With summer coming up at the time of writing this article I am noticing in communities such as Lowendbox that a lot of web hosts are appearing out of nowhere and it reminded me of my experiences, successes and failures in running my web hosting and I figured my experience would be an interesting read for those that may be thinking of doing the same.
Dating back many years ago I used to run web hosting originally known as Phoenix Hosting and the idea was very simple. I looked at two different options with the first being using a reseller such as ResellerPanel who would do most of the work outside of marketing or getting my server and starting from there.
Looking into ResellerPanel it looked odd to me back in the day. There was a company that was willing to do everything and provide you with a part of the profit which nowadays makes sense as all you are doing is marketing their services and getting a slice of profit for your time. Back then however it felt really like a multi-layered marketing company and it is a route I decided to avoid although it is one I would likely use again should I re-go into the freelance programming area yet again as it would be extra profit for no real work.

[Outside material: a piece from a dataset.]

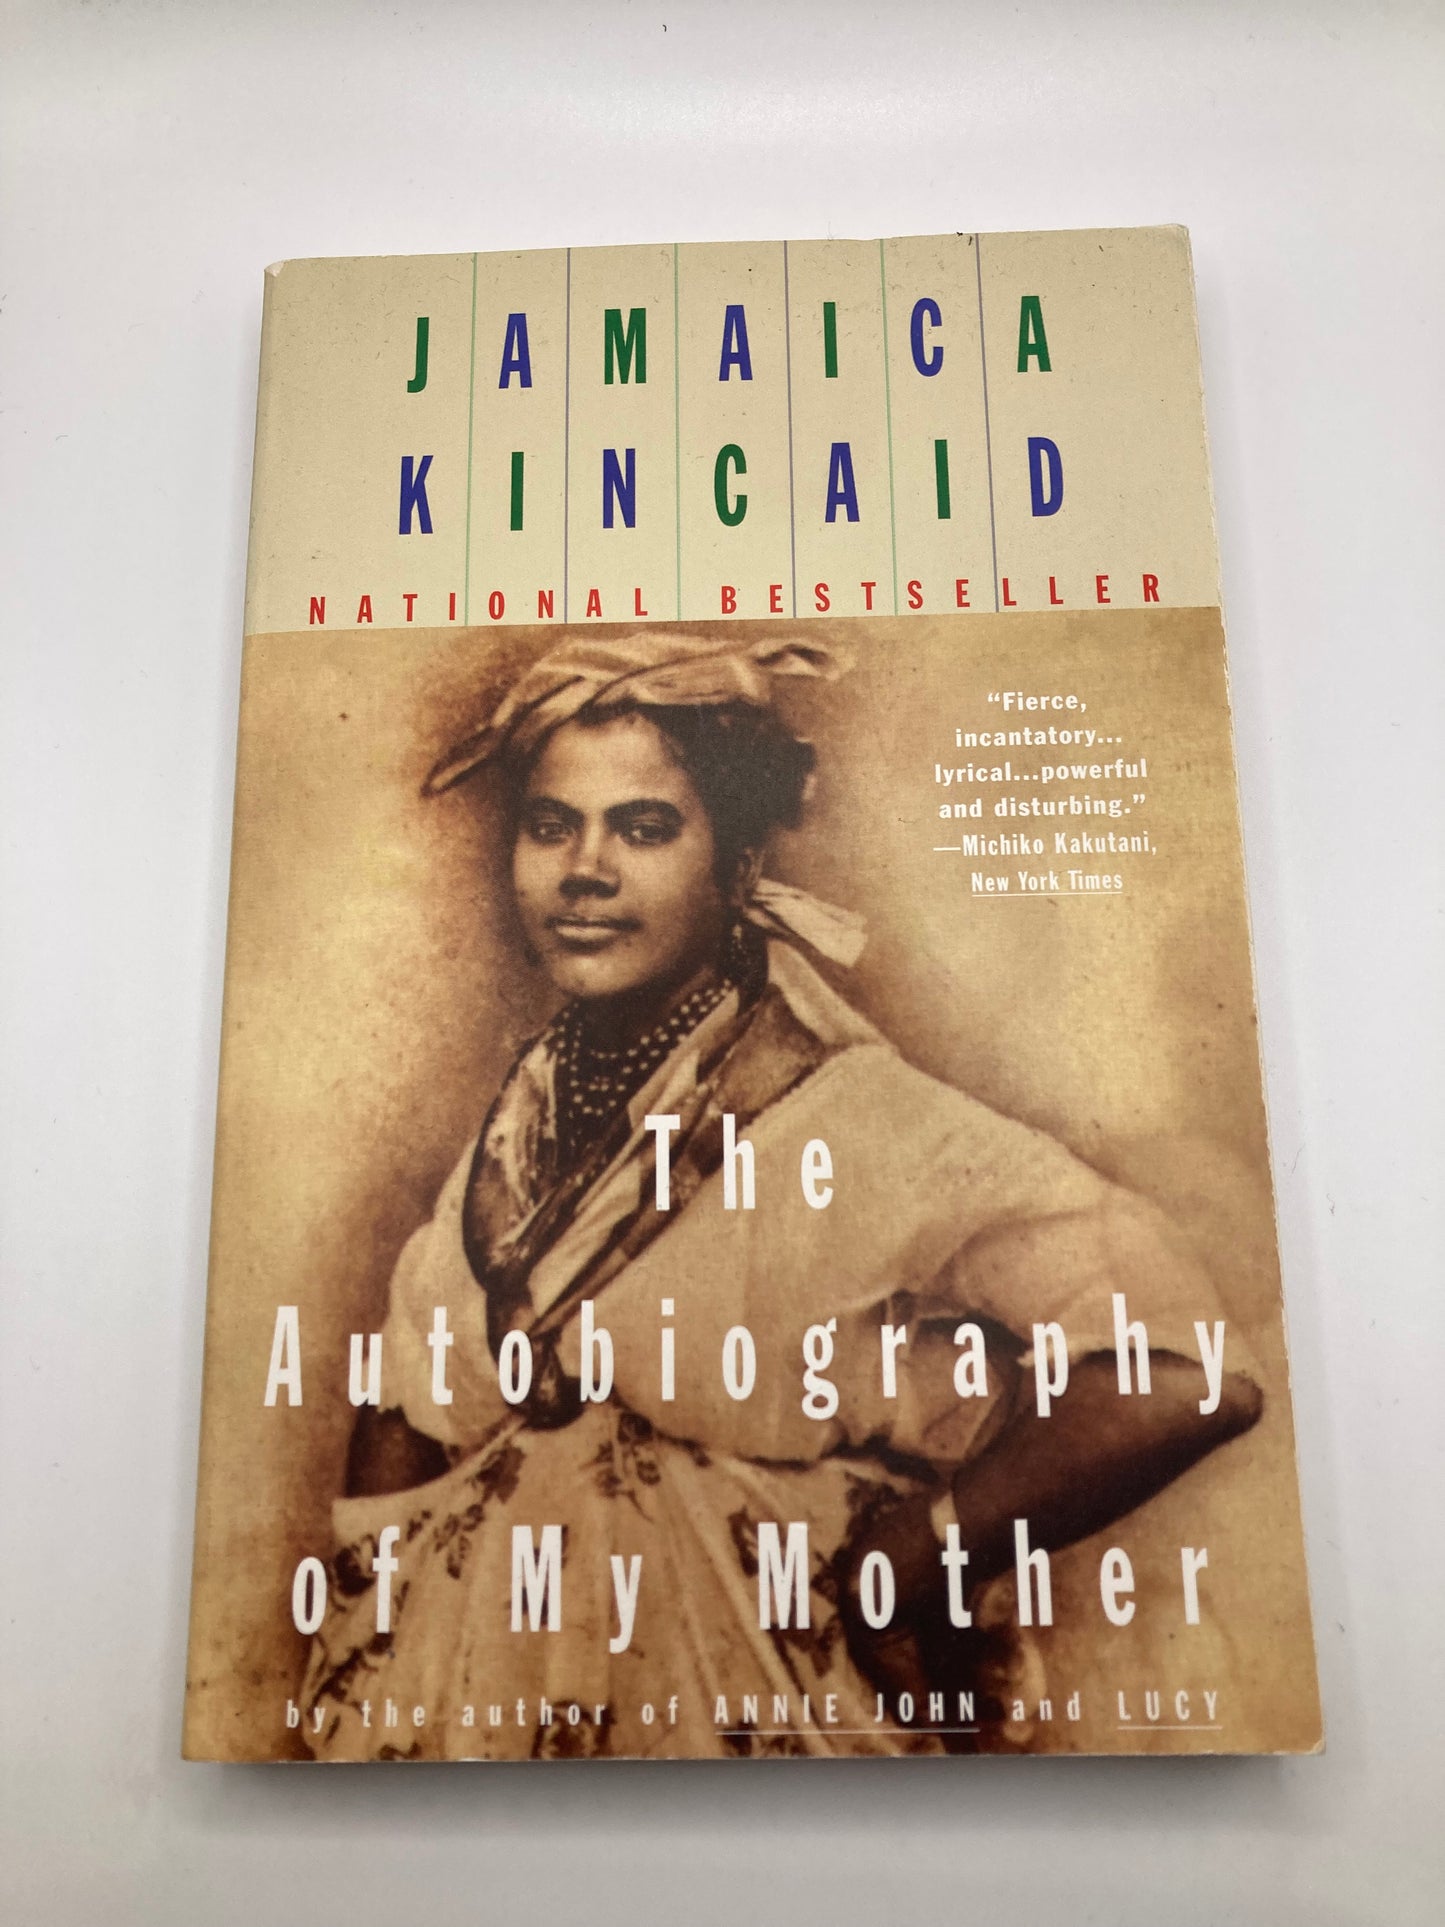 The Autobiography of My Mother by Jamaica Kincaid

So I decided to get my server and it is around this time I met a person called Craigory (a good friend and he still runs his hosting firm although I no longer do). I went down the route and got a server from Saidhost (or Saidcom if you want to Google the company). This worked out at about $30 a month for okay specs which would host about forty to fifty websites and the idea was simple behind all this – all I had to do was sell an account for $1 each and sell it 50 times and I made $20 profit each month. Do the same again and I would make $40 profit, then $60 and $80 and so on and it would be easy money for nothing.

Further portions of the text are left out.